Exercise requirements:
Exact reproduction of all the data is required, with pictures excluded.

Material provided:
BEGIN

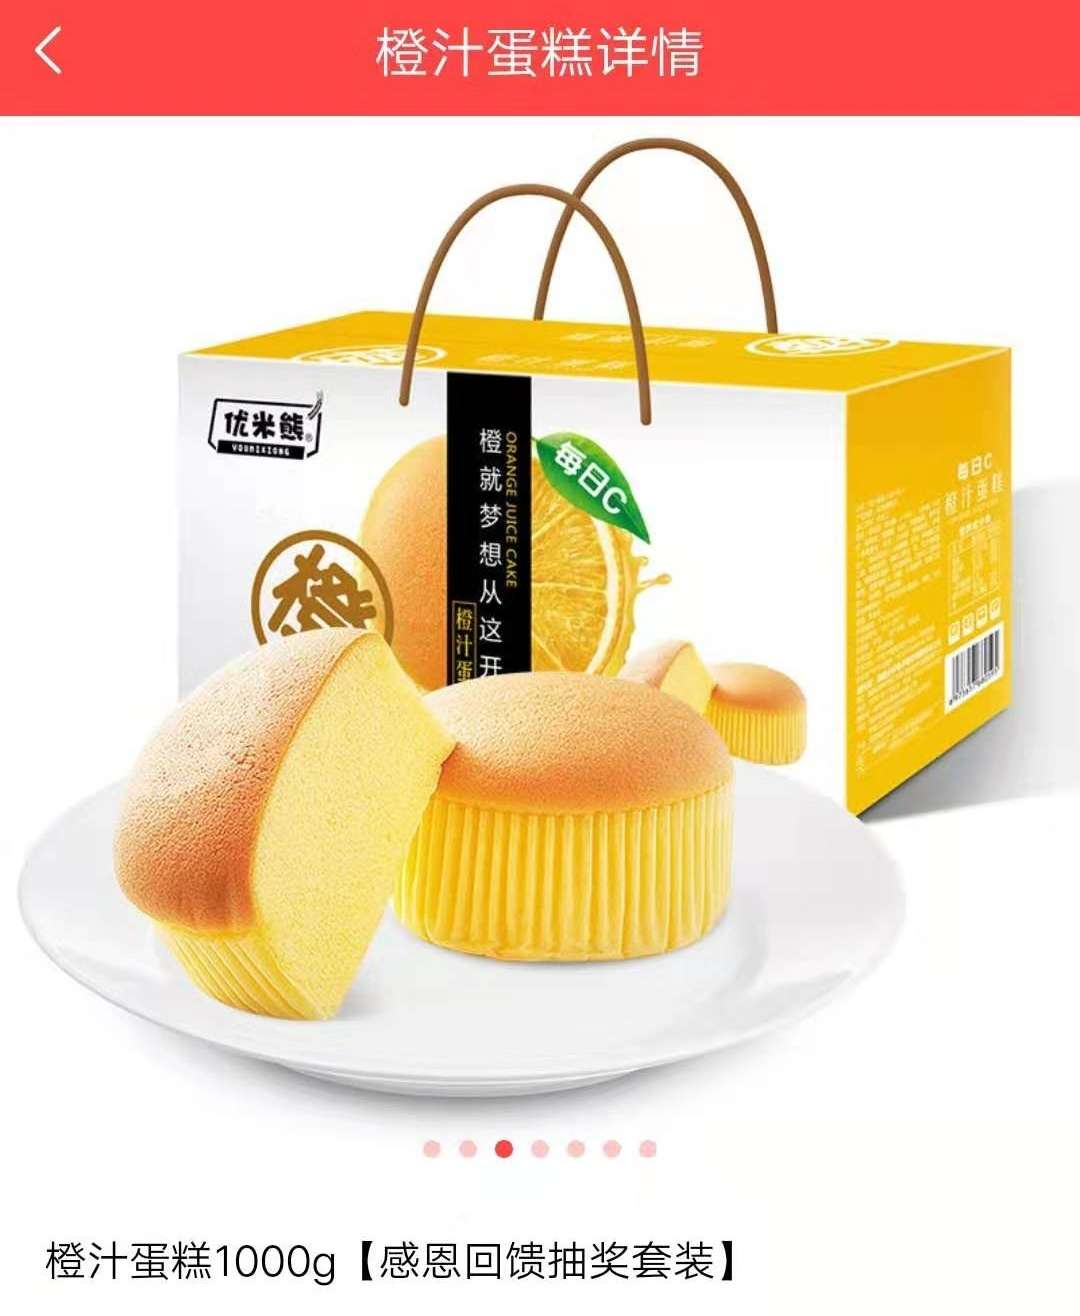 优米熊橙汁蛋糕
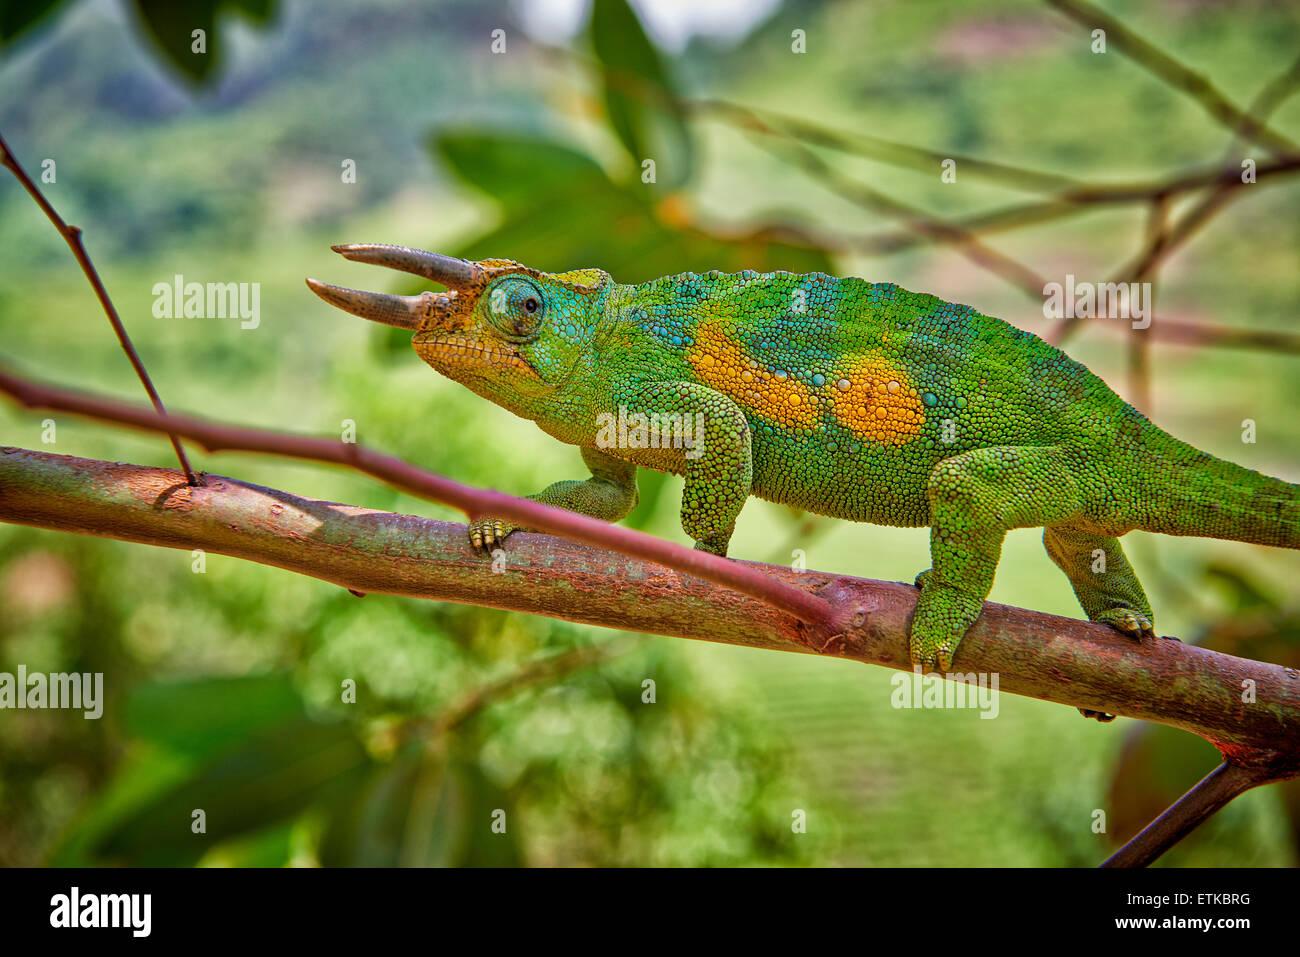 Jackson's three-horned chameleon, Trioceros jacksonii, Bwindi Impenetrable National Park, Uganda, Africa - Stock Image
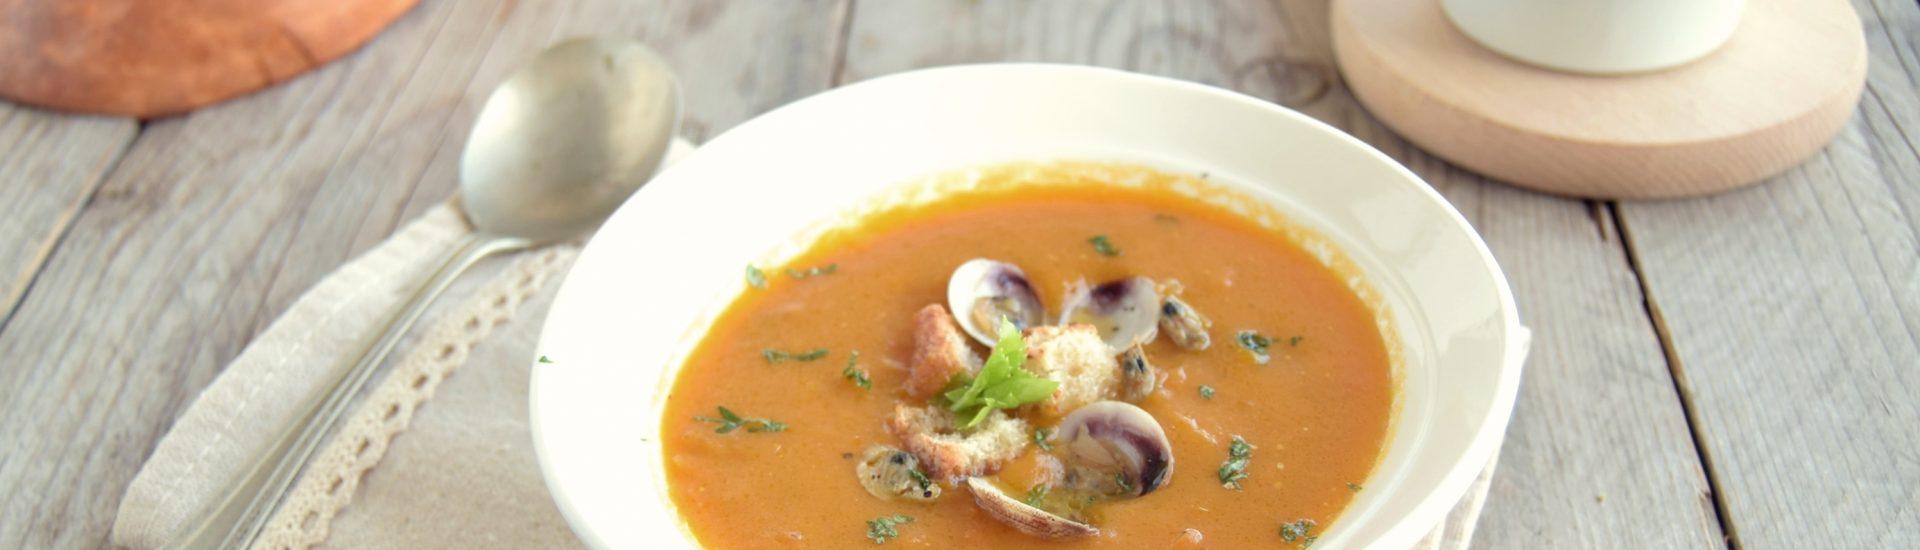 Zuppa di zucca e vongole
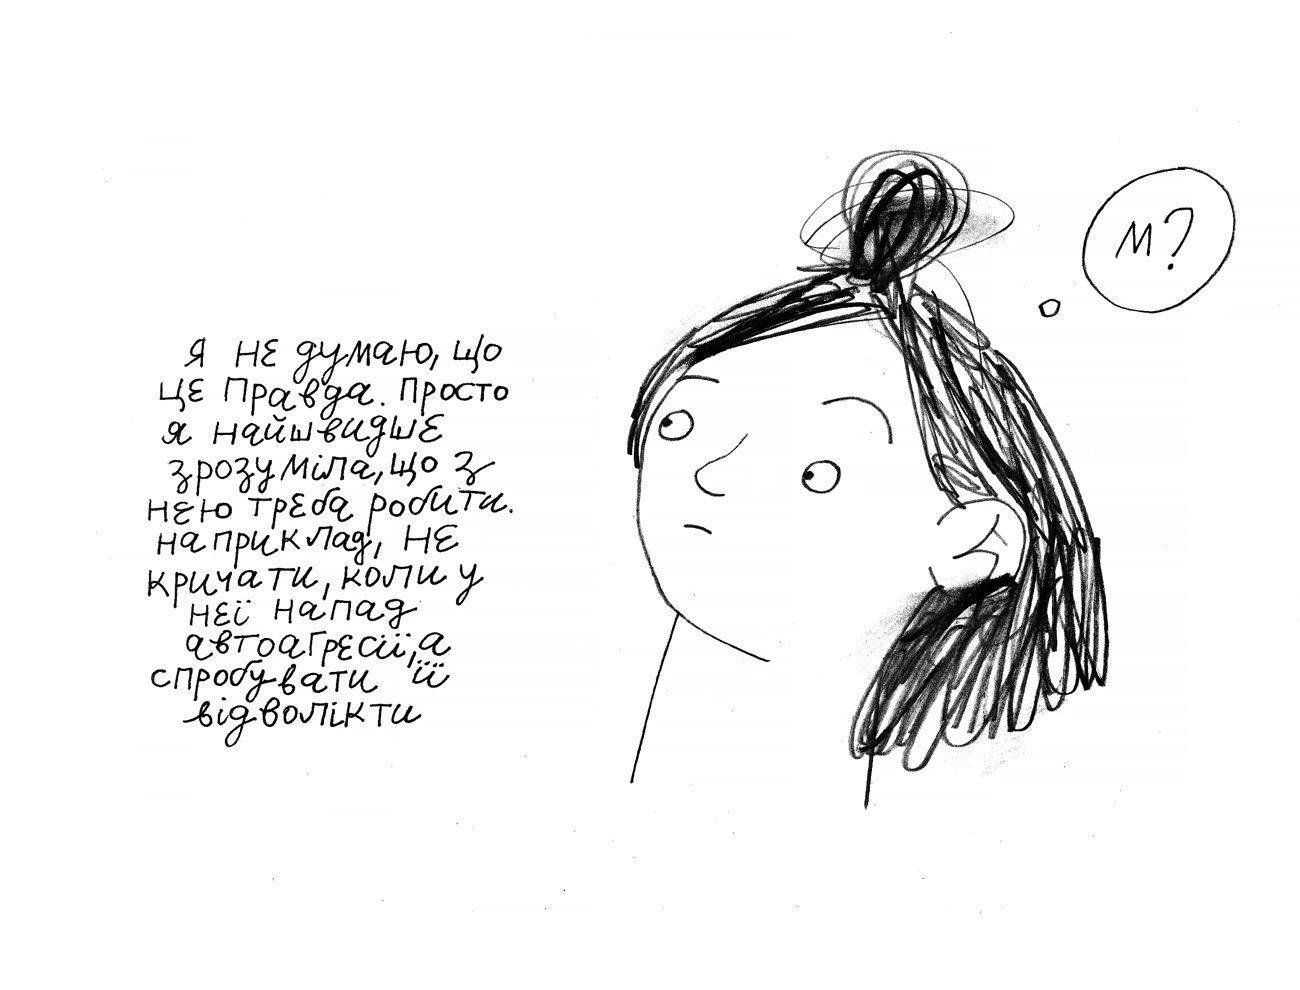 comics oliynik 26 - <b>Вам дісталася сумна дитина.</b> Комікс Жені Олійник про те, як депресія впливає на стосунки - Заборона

END

Answer box:
 优米熊橙汁蛋糕
 Jackson's three-horned chameleon, Trioceros jacksonii, Bwindi Impenetrable National Park, Uganda, Africa - Stock Image
 Zuppa di zucca e vongole
 comics oliynik 26 - <b>Вам дісталася сумна дитина.</b> Комікс Жені Олійник про те, як депресія впливає на стосунки - Заборона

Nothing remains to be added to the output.